As seen in the animation, we can transform our data to view the directions of maximum variance. These directions are the principal components of our data.

The mathematical definition

Given a data matrix X \in \mathbb{R}^{N \times P}, we need to compute the eigendecomposition1 of its covariance2:

\begin{align*} \text{cov}(X) &= \left(\dfrac{1}{n - 1}\right) (X - \overline{X})^\top (X - \overline{X})\\ &= V \Lambda V^\top \end{align*}

To do this, we start by computing the covariance of our data matrix, where X is centered (i.e. X - \overline{X})

Next, we compute the eigendecomposition of the covariance:

The computational steps we take to diagonalize the covariance are slightly different, as is described later in the notebook.

The columns of V are eigenvectors that specify the directions of variance while the corresponding diagonal elements of \Lambda are eigenvalues that specify the amount of variance along the eigenvector3.

Finally, the original data matrix can be transformed by projecting it onto the eigenvectors: \widetilde{X} = \left(X - \overline{X}\right) V.

A computational recipe

A computational recipe for PCA
class PCA:
    def __init__(self) -> None:
        self.mean: np.ndarray
        self.eigenvectors: np.ndarray
        self.eigenvalues: np.ndarray

    def fit(self, /, data: np.ndarray) -> None:
        self.mean = data.mean(axis=-2)

1        data_centered = data - self.mean
2        _, s, v_t = np.linalg.svd(data_centered)
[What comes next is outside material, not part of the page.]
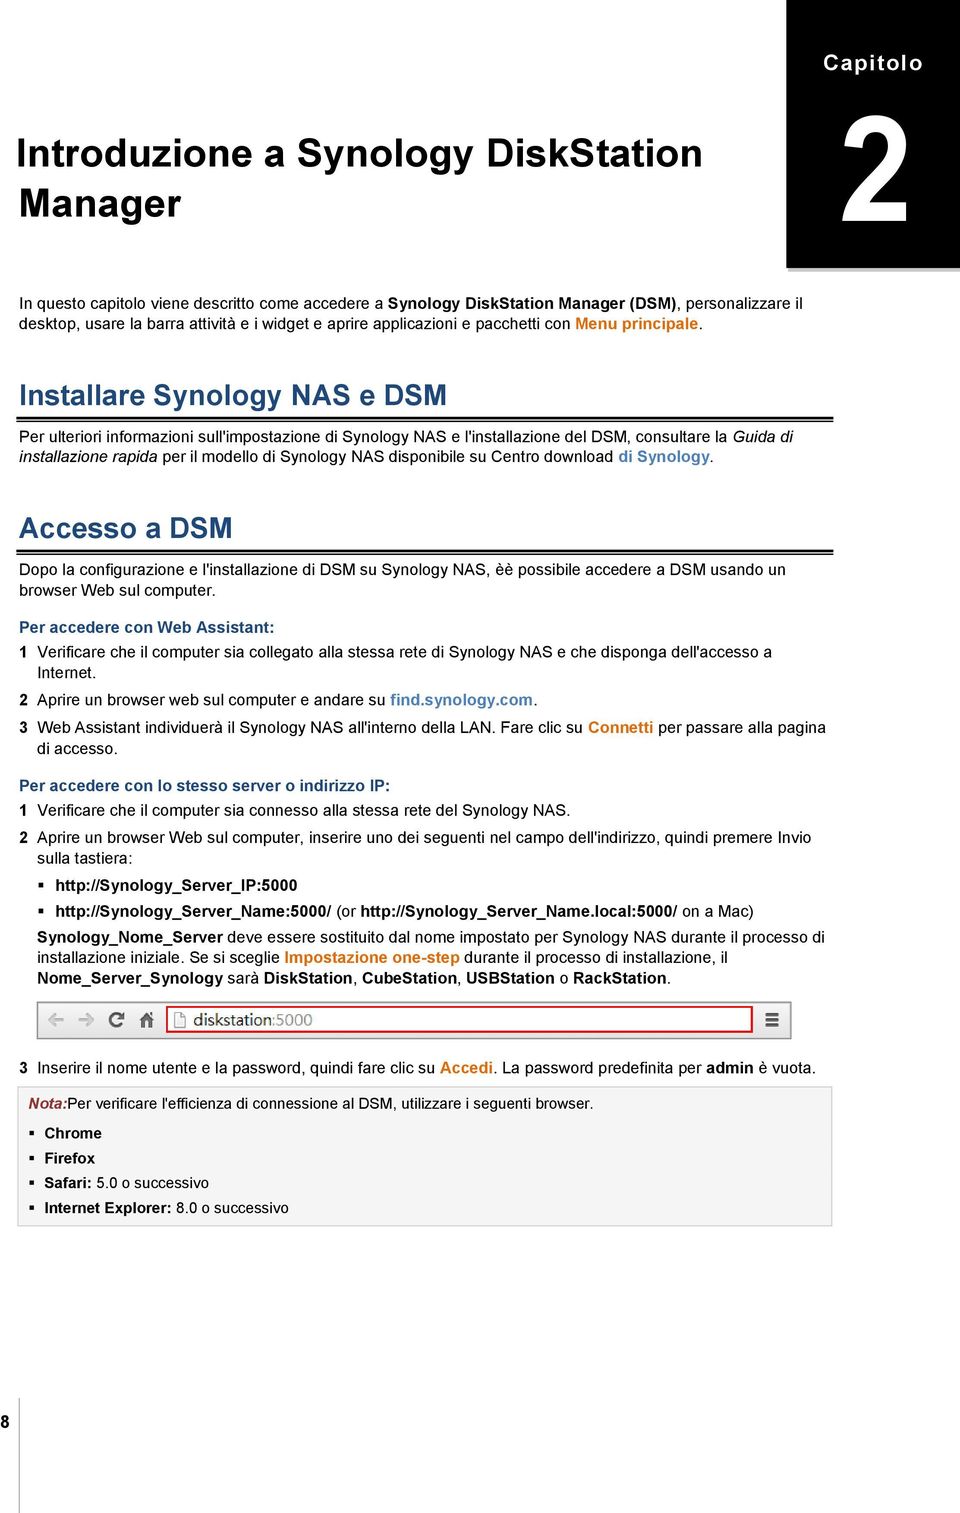 Installare Synology NAS e DSM Per ulteriori informazioni sull'impostazione di Synology NAS e l'installazione del DSM, consultare la Guida di installazione rapida per il modello di Synology NAS
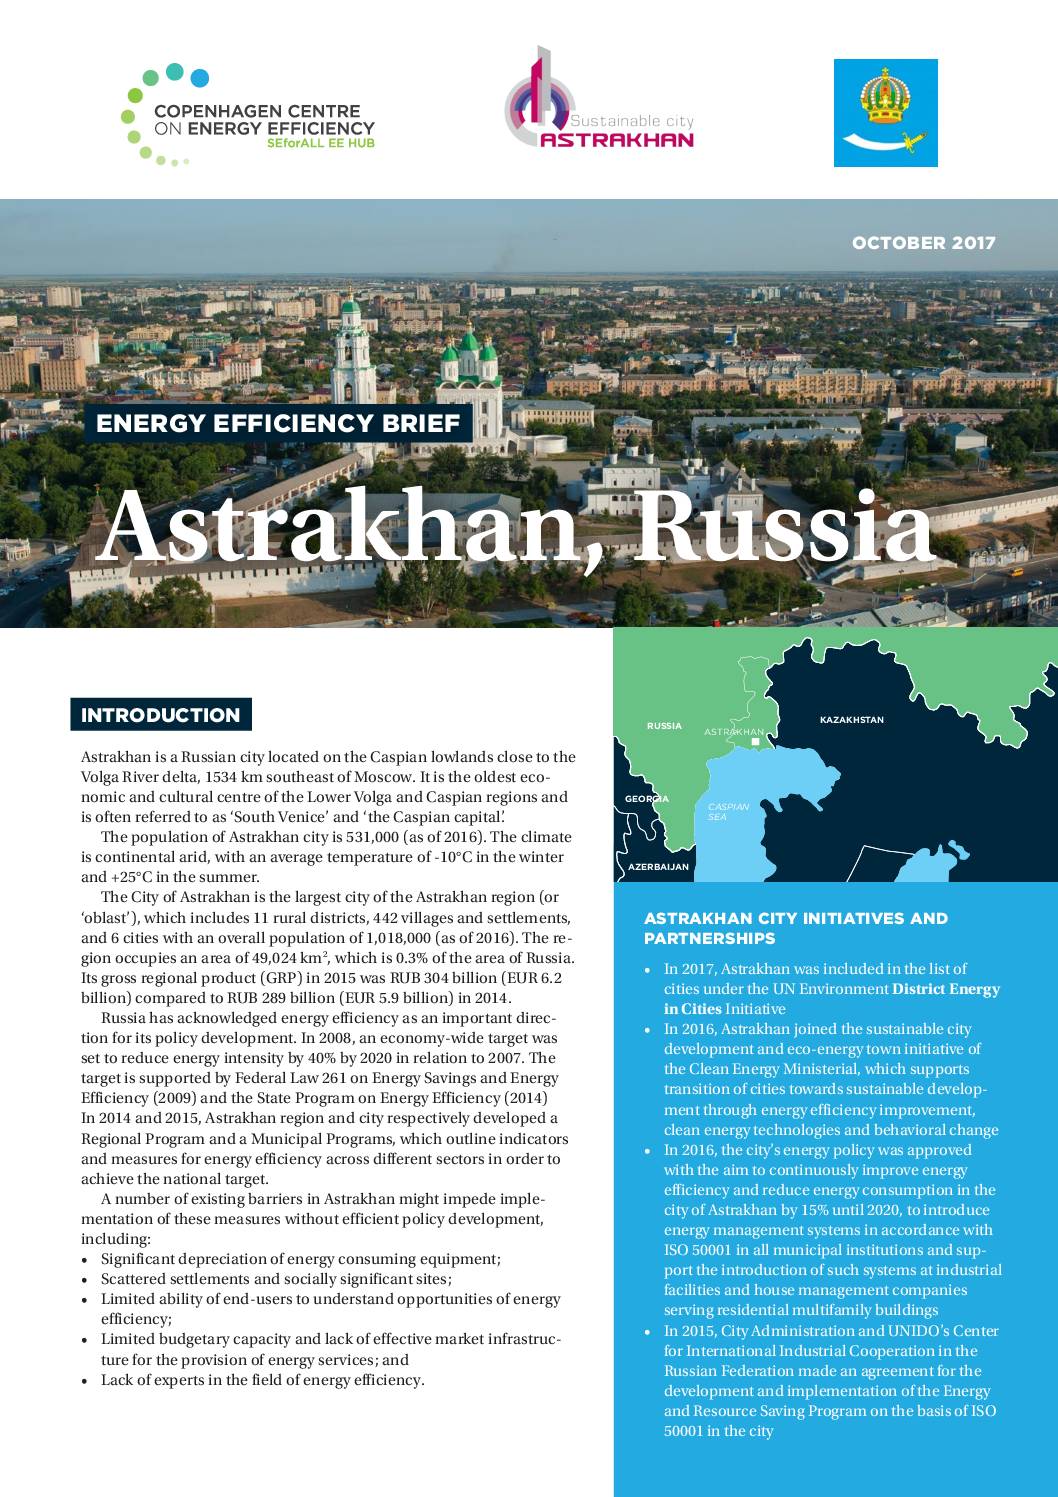 Energy Efficiency Brief, Astrakhan-Russia

        n_stimuli = data.shape[-2]

3        self.eigenvectors = np.swapaxes(v_t, -1, -2)
4        self.eigenvalues = s**2 / (n_stimuli - 1)

    def transform(self, /, data: np.ndarray) -> np.ndarray:
5        return (data - self.mean) @ self.eigenvectors
1
Center the data matrix.
2
Compute its singular value decomposition4.
3
The right singular vectors V of the data matrix are the eigenvectors of its covariance.
4
The singular values \Sigma of the data matrix are related to the eigenvalues \Lambda of its covariance as \Lambda = \Sigma^2 / (N - 1)
5
To project data from the ambient space to the latent space, we must subtract the mean computed in Step 1, and multiply the data by the eigenvectors.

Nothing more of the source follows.